Мне казалось необходимым написать вам хоть часть моей исповеди... Нужна ли вам, точно, моя исповедь? Вы взглянете, может быть, холодно на то, что лежит у самого сердца моего, или с иной точки, и тогда может все показаться в другом виде, и, что писано было затем, чтобы объяснить дело, может только потемнить его. Скажу вам из этой исповеди одно только то, что я много выстрадался с тех пор, как расстался с вами в Петербурге. Изныл всей душой, и состояние мое так было тяжело, так тяжело, как я не умею вам сказать. Оно было еще тяжелее от того, что мне некому было его объяснить, не у кого было испросить совета или участия. Ближайшему другу я не мог его поверить, потому что сюда замешались отношения к вашему семейству; все же, что относится до вашего дома, для {469} меня святыня. Грех вам, если вы станете продолжать сердиться на меня за то, что я окружил вас мутными облаками недоразумений. Тут было что-то чудное, и как оно случилось, я до сих пор не умею вам объяснить. Думаю, что все случилось от того, что мы еще не довольно друг друга узнали и на многое очень важное взглянули легко, по крайней мере, гораздо легче, чем следовало. Вы бы все меня лучше узнали, если б случилось нам прожить подольше где-нибудь не праздно, но за делом... Тогда бы и мне, и вам оказалось видно, чем я должен быть относительно вас. Чем-нибудь да должен же я быть относительно вас. Бог недаром сталкивает так чудно людей. Может быть, я должен быть не что другое в отношении вас, как верный пес, обязанный беречь в каком-нибудь углу имущество господина своего. Не сердитесь же. Все же отношения наши не таковы, чтобы глядеть на меня, как на чужого человека.

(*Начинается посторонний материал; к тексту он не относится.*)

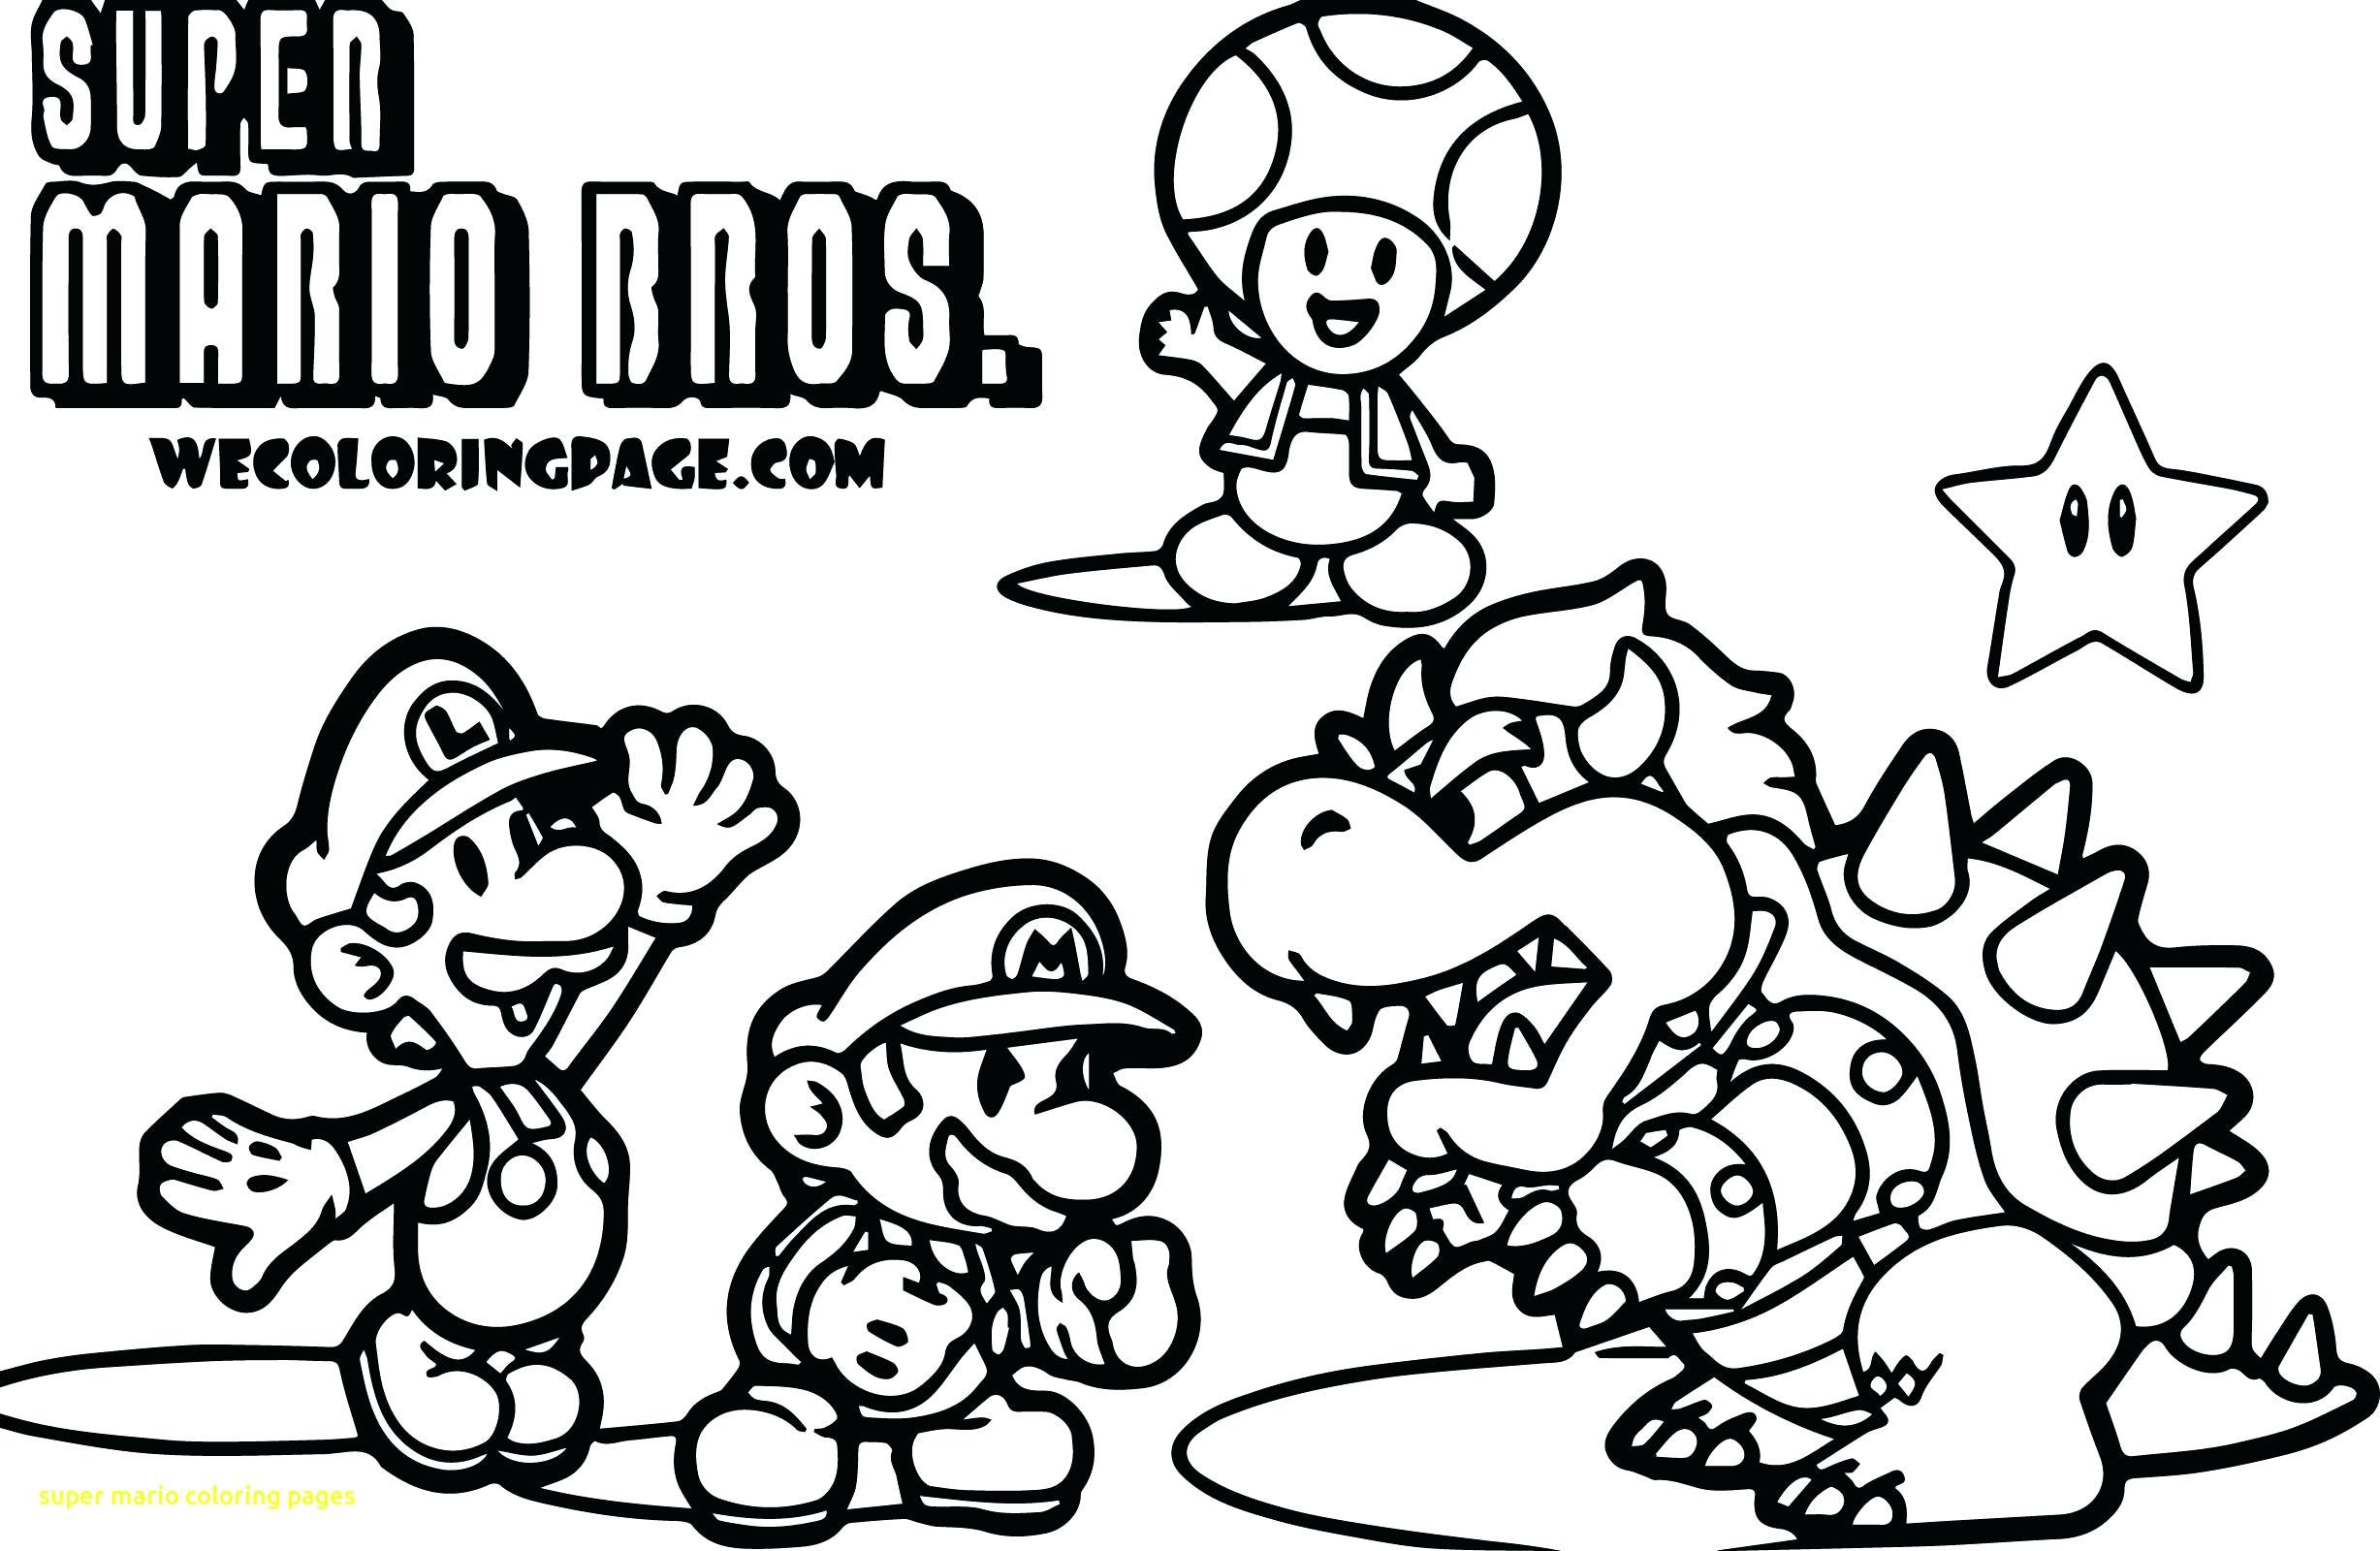 223 Ausmalbilder Super Mario 23d World - Besten Bilder von ausmalbilder

Гоголь - гр. А. М. Виельгорской. Письмо без даты. Шенрок предположительно относит его к 1850 г., когда отношения Гоголя с Виельгорскими кончились и дальнейшая переписка прекратилась. Письма, IV, 309.

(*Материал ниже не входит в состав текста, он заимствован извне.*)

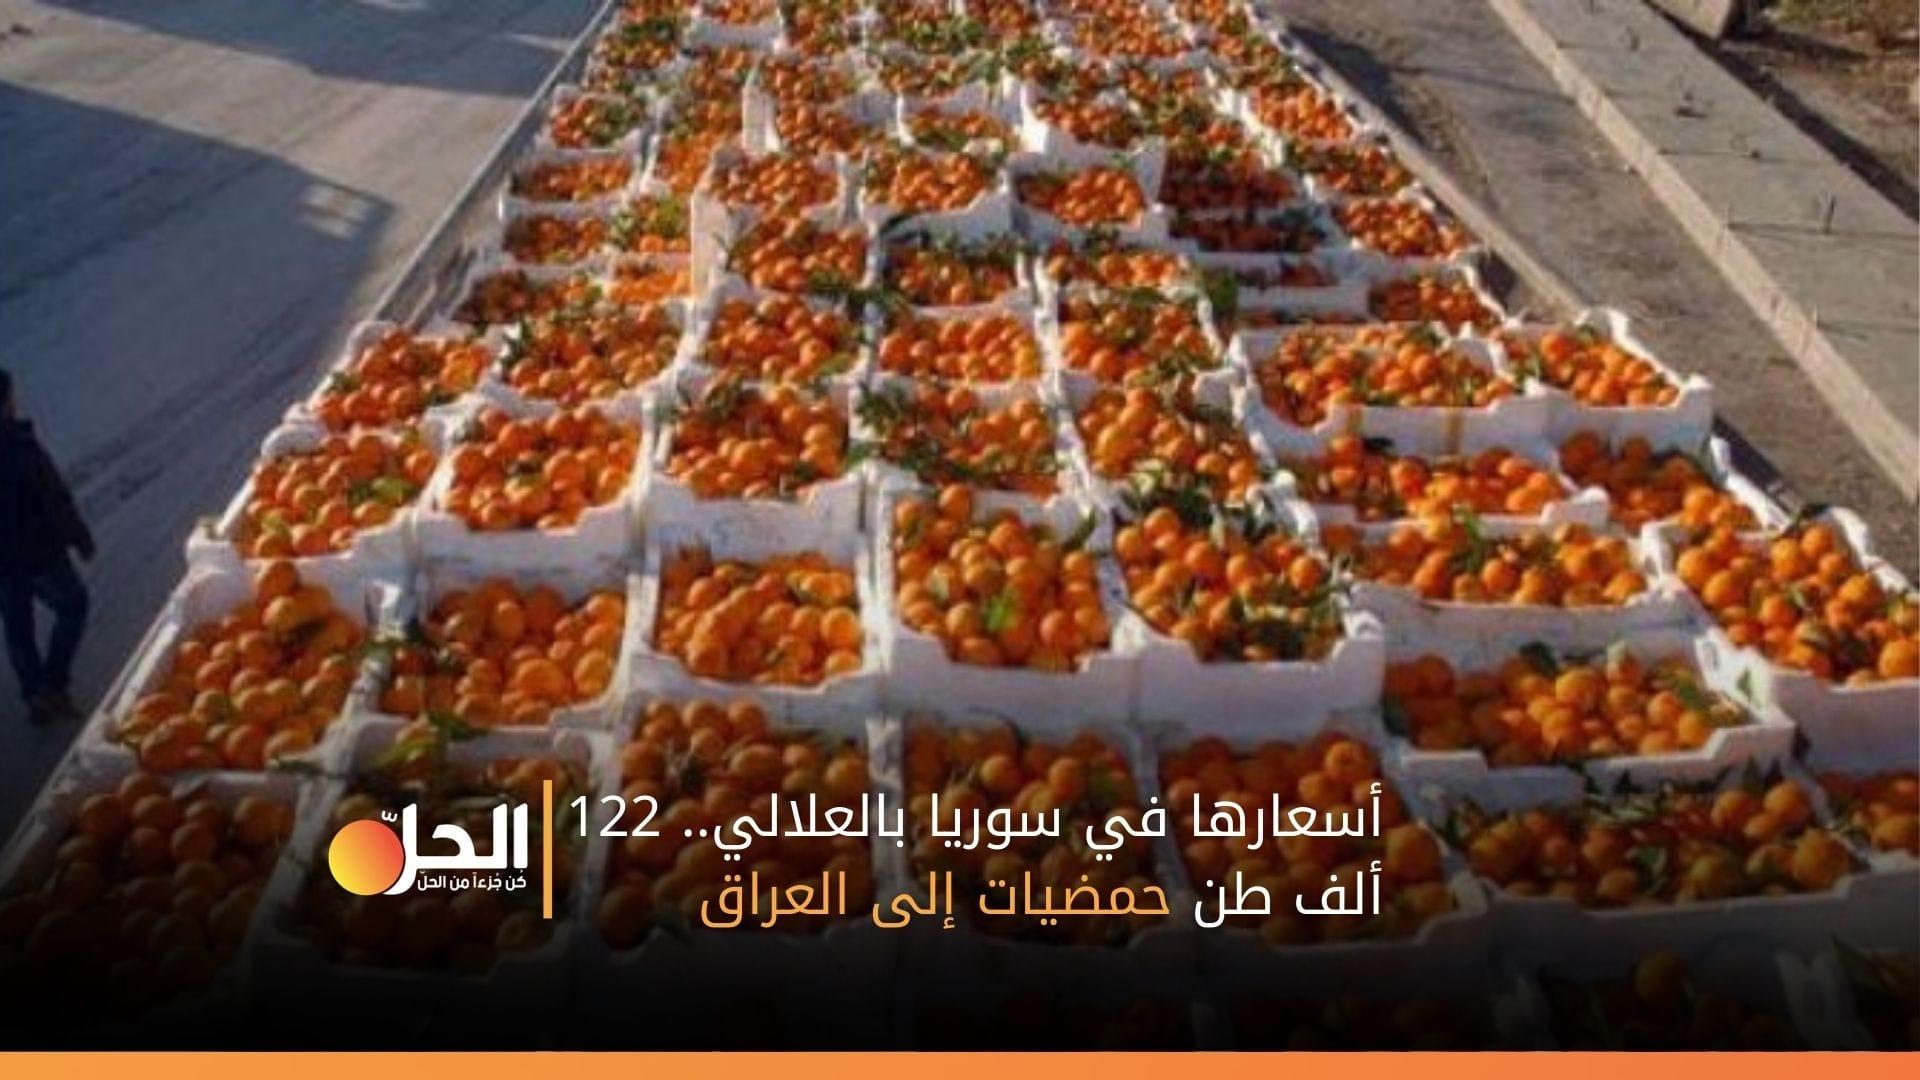 أسعارها في سوريا بالعلالي.. 122 ألف طن حمضيات إلى العراق

В высшем круге тогдашнего московского общества выдавалось семейство Васильчиковых, сколько лучшим тоном, столько же патриархальною строгостью семейных начал и порядков, глубокою религиозностью, а вместе значительной образованностью, которая открывала ласковый прием всем видным ученым, литераторам и художникам. Здесь можно было встретить и Хомякова в полурусском платье и поношенном коричневом сюртучке оригинального покроя, и К. С. Аксакова в его неприхотливом наряде, и Гоголя с нависшими прядями волос, в яхонтном бархатном жилете, забрызганного снизу до колен грязью от калош, и благообразного Шевырева с изящным Грановским...
П. А. Бессонов. Кн. В. А. Черкасский. Воспоминания. Рус. Арх., 1878, II, 210.
В 1850 году я видал Гоголя чаще всего у Шевырева. Говорили, что он пишет второй том "Мертвых душ", но никому не читает, или уж крайне избранным. Вообще в это время, в этот последний период жизни Гоголя в России, очень редко можно было услышать его чтение. Как он был избалован тогда относительно этого и как раздражителен, достаточно покажет следующий случай. Одно весьма близкое к Гоголю семейство, старые, многолетние друзья, упросили его прочесть что-то из "второго тома". Приняты были все известные меры, чтобы не произошло какой помехи. Отпит заранее чай, удалена прислуга, которой приказано более без зова не входить; забыли только упредить няньку, чтобы она не являлась в обычный час с детьми прощаться. Едва Гоголь уселся и водворилась вожделенная тишина,- дверь скрипнула и нянька с вереницею ребят, не примечая никаких знаков и маханий, пошла от отца к матери, от матери к дядюшке, от дядюшки к тетушке... Гоголь смотрел-смотрел на эту патриархальную процедуру вечернего прощания детей с родителями, сложил тетрадь, взял шляпу и уехал. Так рассказывали.
В эту эпоху слыхал Гоголя читающим чаще других Шевырев, чуть ли не самый ближайший к нему из всех московских литераторов. Он заве-{470}дывал обыкновенно продажею сочинений Гоголя. У него же хранились и деньги Гоголя; между прочим, был вверен какой-то особый капитал, из которого Шевырев мог по своему усмотрению помогать бедным студентам, не говоря никому, чьи это деньги. Я узнал об этом от Шевырева только по смерти Гоголя. Наконец, Шевырев исправлял, при издании сочинений Гоголя, даже самый слог своего приятеля, как известно, не особенно заботившегося о грамматике. Однако, исправив, должен был все-таки показать Гоголю, что и как исправил, разумеется, если автор был в Москве. При этом случалось, что Гоголь скажет: "Нет, уж оставь по-прежнему!" Красота и сила выражения иного живого оборота для него всегда стояли выше всякой грамматики.